Следующий парень Нины Гриша был похож на Есенина с лубочных картин, где тот обнимает березку. Точнее, на его костлявую версию: Есенина, которому березка не придает сил, а из которого выпивает все соки. Гриша — известный каждому парень с гитарой, который поет по ночам. Бабушка Нины сразу сдала бы такого в милицию. Вспоминая о Грише, Нина из раза в раз видела одну и ту же картинку: Гриша с гитарой на подоконнике, артистично курящий, позирующий. Нина не помнит о Грише чего-то конкретного: ни одной его реплики, действия. Она просто бесконечно ходила за ним по прокуренным комнатам, пытаясь взять его за руку, но рука ускользала.
Гриша погиб в девятнадцать из-за несчастного случая. Это произошло на даче друзей. Для Нины это был первый выезд на дачу со сверстниками — она не знала, как должны выглядеть такие мероприятия, и рассудила, что все развивается по стандартной схеме. На даче друзей не было никаких шашлыков и вообще еды — только ящики водки и огромный арбуз, который накачивали водкой из шприца. Водка в бутылках, стаканах и кружках, в рюмках, пиалах и других емкостях, водка в арбузных ломтях, на скатерти, в лужицах под столом, в миске дворовой собаки. Никто ничего не говорил, все молча употребляли водку в различных видах. Остервенелые лица, бледно-красные выпученные глаза, тощие кривые березки, черные кусты, похожие на волосы, — все водянистое, как будто покрытое слоем соплей, и вообще, чувство такое, что действо происходило внутри большой носоглотки. Из колонки трещала «Гражданская оборона». Нина еще не знала, что так выглядят типичные русские дионисии — страшные и одновременно чудовищно скучные. Невыносимые для внешнего наблюдателя, но осмысленные, сакральные для участников. Нина сразу же напилась и легла на веранде. О дальнейшем узнала наутро, уже в пересказе.
Пьянка быстро переросла в состязание смертников. Сокурсник Коля положил на макушку перезревшее яблоко, а кто-то стрелял по нему из ружья, не попав ни в Колю, ни в яблоко.

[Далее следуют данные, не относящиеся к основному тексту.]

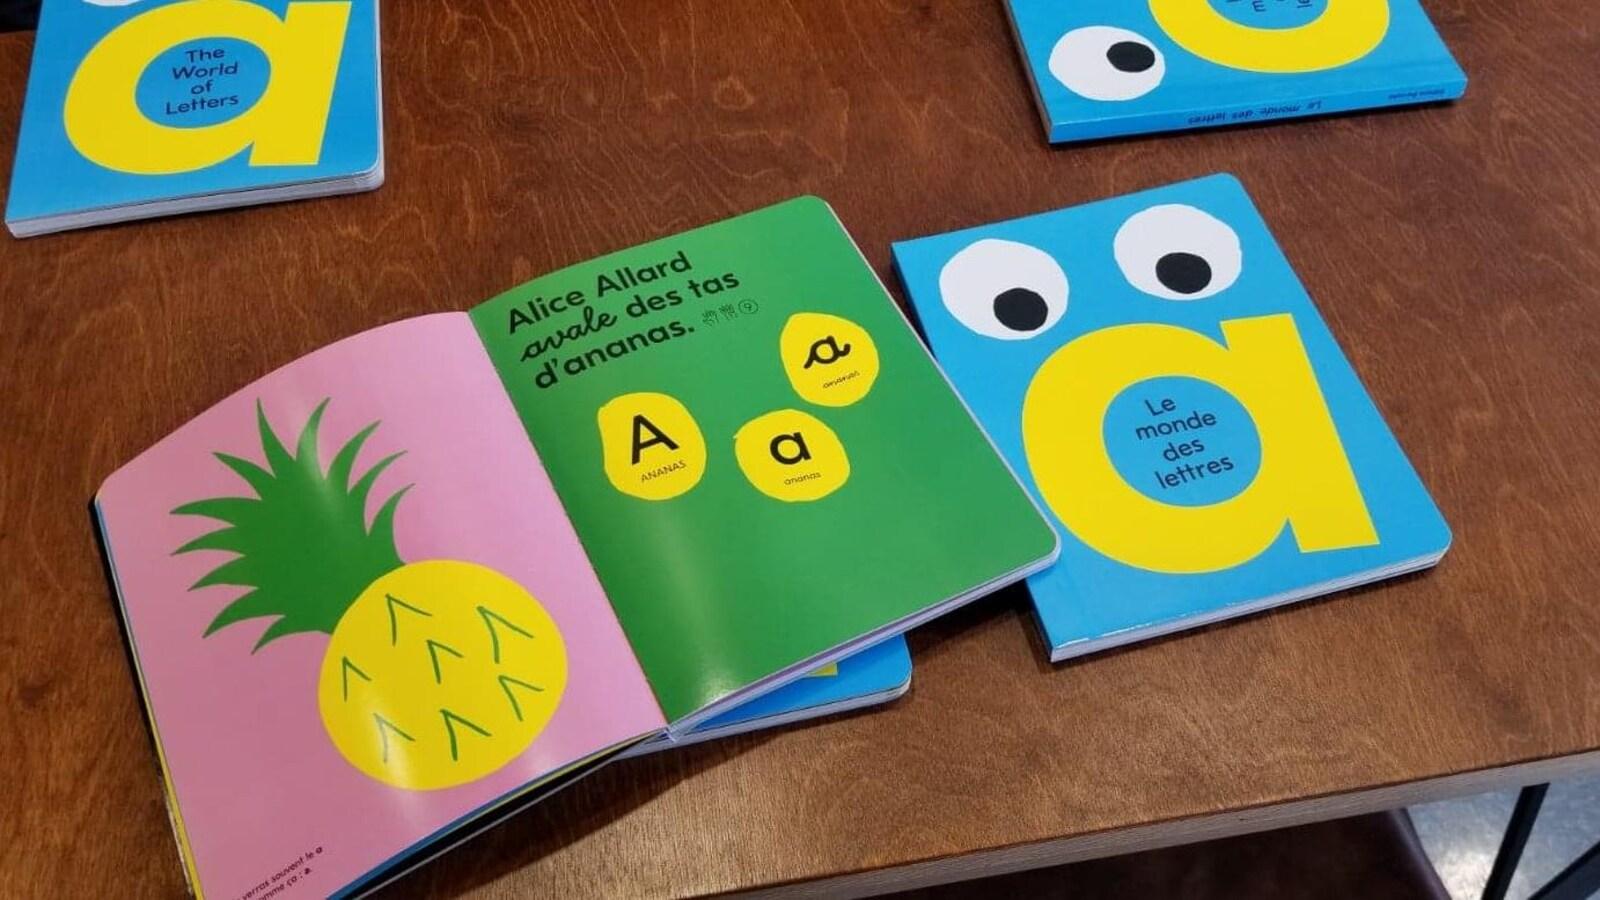 « Le monde des lettres » est un abécédaire qui présente toutes les formes de chaque lettre.
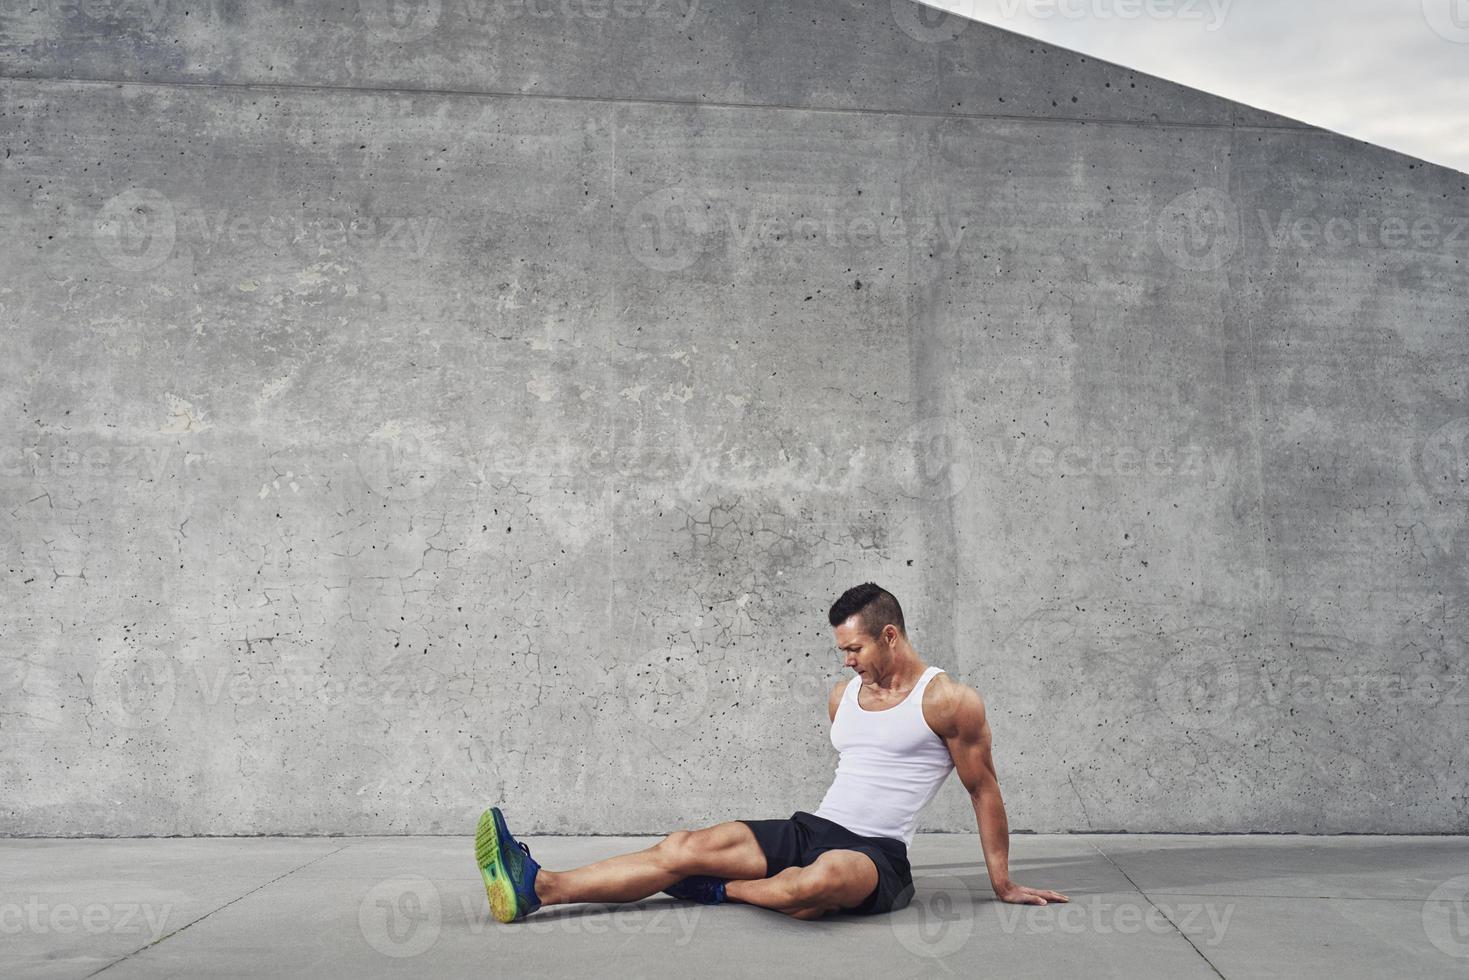 athlète fitness homme relaxant et étirement des muscles et des jambes photo

Кто-то забрался на крышу и прыгнул в кусты, кто-то за кем-то бегал с ножом, кто-то просто подрался. О смерти Гриши Нина узнала от деревенского парня с опухшей, как будто покусанной пчелами, физиономией. Он долго путался в малозначительных подробностях прошлого вечера, вспоминал, кто, куда, как и в какой последовательности ходил и как и когда возвращался. После чего наконец сообщил, что компания бросила жребий, кому брать мопед и ехать в село за добавкой. Гриша был за рулем, местный парень, сидевший сзади, показывал дорогу. Местный отделался порезом на кисти руки, а вот Гриша свалился с моста и утонул в речке.
Все это было так страшно и глупо, что Нина до конца не поверила в реальность произошедшего. К тому же после расставания с Леонтием Нина решила, что мужчины готовы на все, лишь бы избежать объяснений. Гриша подстроил смерть, похороны, бросил институт и всю старую жизнь, вовлек в заговор десятки знакомых и теперь скрывается где-то на островах в Атлантическом океане, рассудила Нина.